After incubation in (serum free or glucose free media), cells were washed twice in PBS, pH 7.2 and lysed at 4°C in 200 ml of lysis buffer containing  (30 mM HEPES pH 7.5, 140 mM NaCl, 5 mM EDTA, 0.5% Nonided P40, 0.5% Triton X-100, 1 mM PMSF and 10 μg/ml pepstatin  and 2.5 μg/ml aprotenin). Cell were lysed by disruption through          15-gauge syringe needle, cellular debris was removed by centrifugation at 10,000 x g for 10 min at 4°C. Protein concentration in the supernatant was determined by BCA protein assay (Pierce, Rockford, Illinois). Aliquots of 45 mg of total cell lysates were then separated on 10%   SDS-PAGE. Proteins were transferred to nitrocellulose membranes by BioRad dry electro-transfer blocking with 5% skim milk in TTBS (TBS with 0.05% Tween 20) Incubation with primary specific antibodies and horseradish peroxidase-conjugated secondary antibodies was performed in blocking solution according to the manufacturers’ instructions for 1 h at room temperature. Immunoreactive bands were visualized by SuperSignal West Pico Chemioluminescent substrate kit. Anti-b actin goat polyclonal antibody was used for equal loading confirmation. Optical density of protein bands were estimated by Image J software and then normalized to the density of corresponding bactin bands, and finally blotted as arbitrary units.

 

RESULTS

 

Autophagy induction by glucose starvation but not by serum deprivation

In the present study it was found that glucose starvation induced autophagy induction in HL60/ADR cells. Autophagy started after 2 hrs of glucose starvation and gradually increased over the time points, as indicated by the level of LC3II protein (Fig. 1A). In serum deprived cells, there was no detection of LC3II proteins, indicated that no autophagy induction.
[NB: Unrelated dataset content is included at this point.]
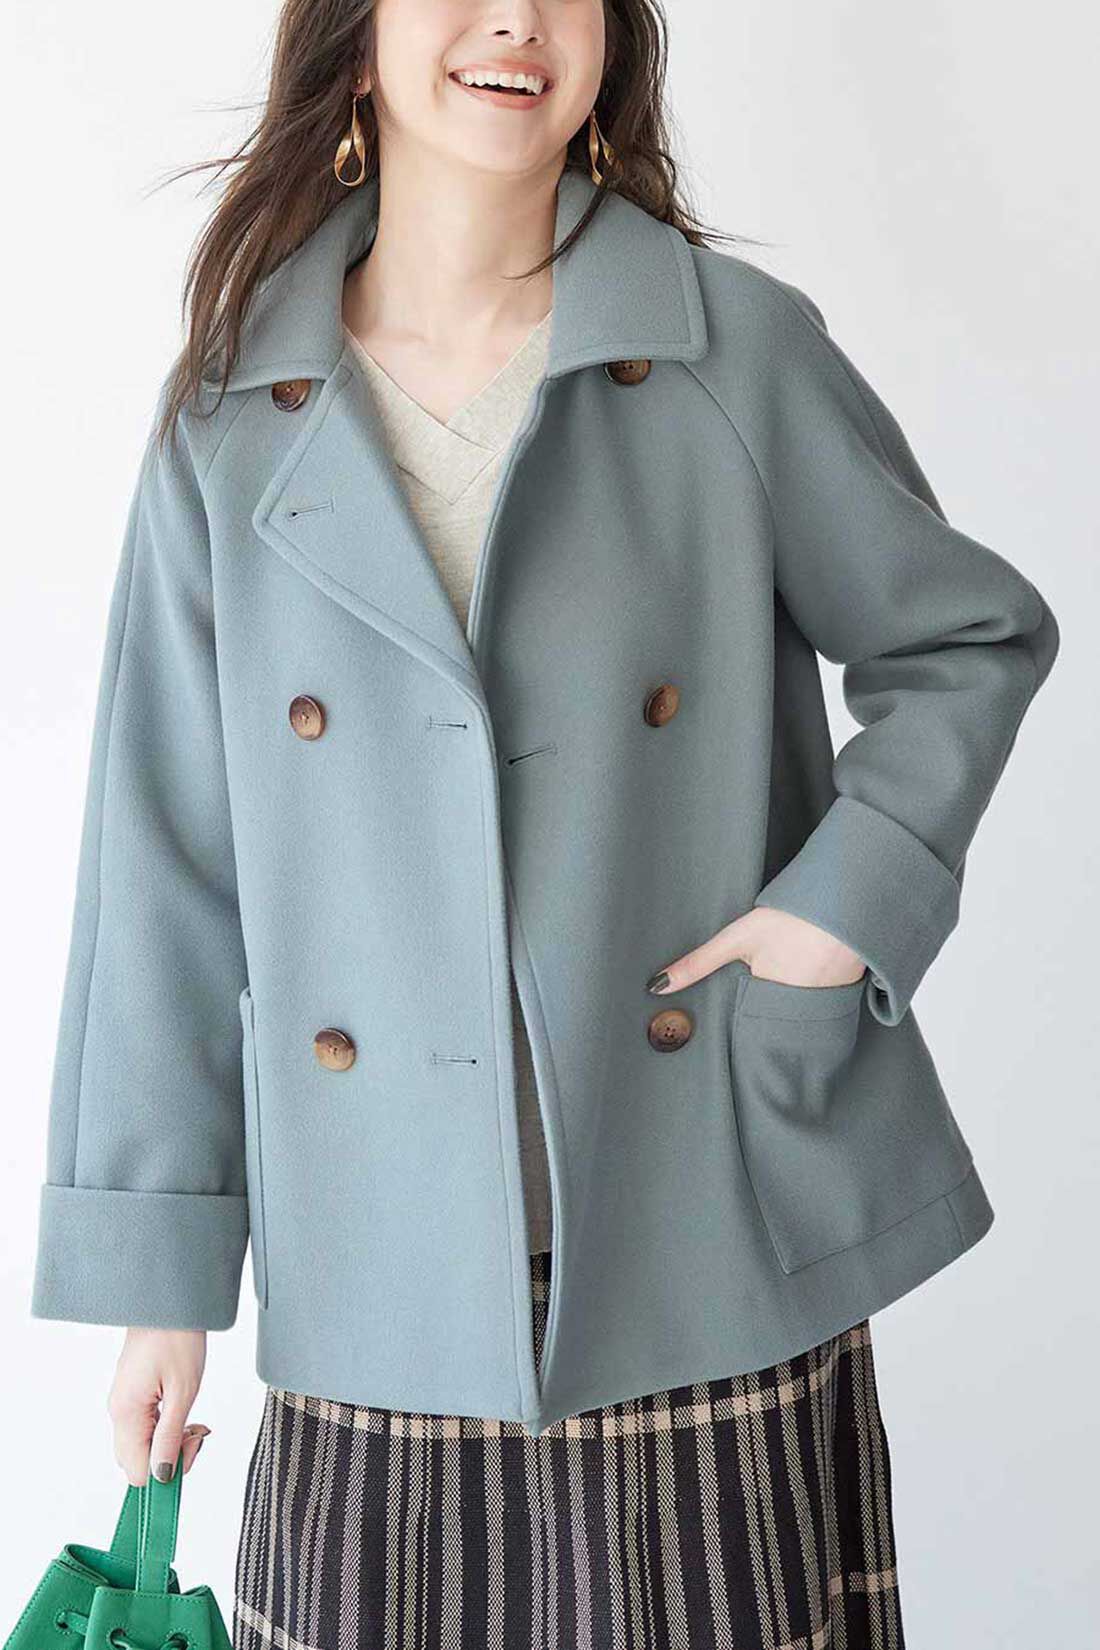 IEDIT[イディット]　着映えカラーのショート丈こなれPコート〈ブルーグリーン〉|※着用イメージです。お届けするカラーとは異なります。

The percentage of LC3II/ LC3I reached almost 40% and 70% after 4 and 6 hrs of glucose starvation respectively      (Fig. 1B), whereas there were no detectable changes of this percentage in serum deprived cells.

 

 

 

 

 

 

 

 

 

 

 

 

 

Fig. 1: Induction of autophagy in glucose starved cells but not in serum deprived cells. After exposing cells to glucose free or serum free media for the indicated time points, cells were lysed and immunoblotting detection of the autophagy marker, LC3 protein was carried out, one out of two independent experiments is shown (A). Level of LC3I and II bands was estimated by measuring optical density of each band, and the percentage of LC3II/ LC3I was calculated, shown are means ±SE (B). β actin was used for confirmation of equal loaded protein concentrations.

 

Effective apoptotic cell death following autophagy induction

In many cell lines, autophagy was followed by apoptotic cell death after a relatively prolonged time of stress. Here, the apoptotic cell death was investigated in glucose and serum deprivation using caspase3 cleavage, BCL-1 and BAX protein representation. In glucose starved cells, caspase3 cleaved, active form was detected after 2 hrs of starvation and increased gradually over the time. The same result was obtained in serum deprived cells, but the level of active caspase3 was strongly reduced compared with its counterpart of glucose starved cells at the same time points (Fig. 2A). To confirm the effectiveness of autophagy for induction of apoptosis in the drug resistant and apoptosis resistant HL60/ADR, the levels of anti-apoptotic BCL-1 onchogene and          pro-apoptotic BAX protein were investigated. Glucose starvation induced an obvious down-regulation of BCL-1 and up-regulation of BAX over the time, whereas in serum deprivation there were almost no important changes of both proteins levels (Fig. 2A). Level of active caspase3 increased to 23 folds higher than its basic level after 6 hrs of glucose starvation compared with almost 8 folds increase in serum deprivation (Fig. 2B). BCL-1 was reduced to 3 folds lower than its basic level after 6 hrs and BAX was increased to almost 10 folds higher than its basic level in glucose starved cells (Figs. 2C, D). Taken together, autophagy induced by glucose starvation was able to induce effective apoptotic cell death in apoptosis resistant, multidrug resistant HL60/ADR.

 

 

 

Fig. 2: Glucose starvation induces apoptosis and controlling pro- and anti-apoptotic molecules. Immunoblots of casp.3, BCL-1 and BAX were carried out after cells exposure to glucose free and serum free media, one out of two independent experiments is shown (A). Levels of active casp3 (B) , BCL-1 (C) and BAX  (D) bands over time points were estimated by measuring optical density of each band and then normalized to the optical density of the corresponding β actin band, shown are means ±SE . β actin was used for confirmation of equal loaded protein concentrations.

 

Elevation of Cer level by glucose starvation:

After exposure to Glucose or serum free media for different time points, Cer level were measured by DGK assay. There was clearly indication for the increased level of Cer upon autophagy induction, and decreased level of Cer in serum deprivation (Fig. 3A). In glucose free medium, Cer level was increased gradually over time points till 4 hrs and then reached the basic level after 6 hrs. Interestingly, Cer level was decreased in serum free medium from till 2 hrs and then gradually reached the basic level (Fig. 3B).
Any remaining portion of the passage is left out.